[Extracted data entries]
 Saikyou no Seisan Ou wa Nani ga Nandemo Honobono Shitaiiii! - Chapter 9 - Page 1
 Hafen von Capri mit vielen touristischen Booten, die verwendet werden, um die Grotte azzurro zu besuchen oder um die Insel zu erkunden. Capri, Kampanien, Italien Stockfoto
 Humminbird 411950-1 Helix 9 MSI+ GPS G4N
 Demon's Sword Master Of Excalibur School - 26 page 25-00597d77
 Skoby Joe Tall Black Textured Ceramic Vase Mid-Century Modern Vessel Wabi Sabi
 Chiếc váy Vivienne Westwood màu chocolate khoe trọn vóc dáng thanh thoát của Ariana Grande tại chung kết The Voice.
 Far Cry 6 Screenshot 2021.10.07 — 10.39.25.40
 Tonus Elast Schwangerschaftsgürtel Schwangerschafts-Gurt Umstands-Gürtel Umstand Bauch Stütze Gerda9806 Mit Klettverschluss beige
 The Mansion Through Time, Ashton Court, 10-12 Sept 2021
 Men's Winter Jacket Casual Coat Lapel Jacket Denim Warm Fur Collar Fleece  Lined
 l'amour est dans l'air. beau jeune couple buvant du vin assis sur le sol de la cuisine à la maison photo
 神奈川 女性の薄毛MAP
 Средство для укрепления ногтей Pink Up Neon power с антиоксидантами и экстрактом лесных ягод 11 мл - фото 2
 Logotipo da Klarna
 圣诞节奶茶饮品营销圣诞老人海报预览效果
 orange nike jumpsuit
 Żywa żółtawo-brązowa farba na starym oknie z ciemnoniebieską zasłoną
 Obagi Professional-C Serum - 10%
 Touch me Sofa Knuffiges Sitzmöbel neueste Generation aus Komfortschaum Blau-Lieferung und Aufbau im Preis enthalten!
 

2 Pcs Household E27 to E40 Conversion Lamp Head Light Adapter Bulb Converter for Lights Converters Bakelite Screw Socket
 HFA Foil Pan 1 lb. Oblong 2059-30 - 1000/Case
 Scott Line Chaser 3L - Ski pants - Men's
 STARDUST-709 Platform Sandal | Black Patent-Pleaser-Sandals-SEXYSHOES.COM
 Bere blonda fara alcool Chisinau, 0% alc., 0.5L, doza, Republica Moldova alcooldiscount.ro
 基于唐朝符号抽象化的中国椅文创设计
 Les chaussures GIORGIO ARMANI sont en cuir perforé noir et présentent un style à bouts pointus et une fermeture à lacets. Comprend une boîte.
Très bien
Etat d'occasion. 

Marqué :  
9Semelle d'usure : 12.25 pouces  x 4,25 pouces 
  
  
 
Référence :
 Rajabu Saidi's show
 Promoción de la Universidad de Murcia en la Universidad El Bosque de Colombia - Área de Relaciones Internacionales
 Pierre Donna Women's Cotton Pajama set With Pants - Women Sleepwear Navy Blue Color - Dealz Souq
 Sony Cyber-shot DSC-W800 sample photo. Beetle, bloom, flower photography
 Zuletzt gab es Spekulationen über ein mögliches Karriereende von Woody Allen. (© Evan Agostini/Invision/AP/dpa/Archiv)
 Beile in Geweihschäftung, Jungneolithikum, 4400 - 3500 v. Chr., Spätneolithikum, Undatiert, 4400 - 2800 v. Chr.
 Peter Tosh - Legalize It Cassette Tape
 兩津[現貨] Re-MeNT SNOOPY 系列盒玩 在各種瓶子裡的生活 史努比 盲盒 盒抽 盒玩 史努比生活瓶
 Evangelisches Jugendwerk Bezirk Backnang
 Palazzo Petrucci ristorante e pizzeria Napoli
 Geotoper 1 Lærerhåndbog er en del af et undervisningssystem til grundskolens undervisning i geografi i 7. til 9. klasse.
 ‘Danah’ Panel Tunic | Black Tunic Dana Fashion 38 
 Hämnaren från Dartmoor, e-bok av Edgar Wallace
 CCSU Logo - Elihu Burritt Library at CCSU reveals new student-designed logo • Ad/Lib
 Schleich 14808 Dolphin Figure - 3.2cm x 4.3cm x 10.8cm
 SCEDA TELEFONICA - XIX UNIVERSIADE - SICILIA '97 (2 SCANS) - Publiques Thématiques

**EXERCISE GOAL:**
Whenever a line in the records contains the word "photo", copy that line.

**TASK ANSWER:**
 l'amour est dans l'air. beau jeune couple buvant du vin assis sur le sol de la cuisine à la maison photo
 Sony Cyber-shot DSC-W800 sample photo. Beetle, bloom, flower photography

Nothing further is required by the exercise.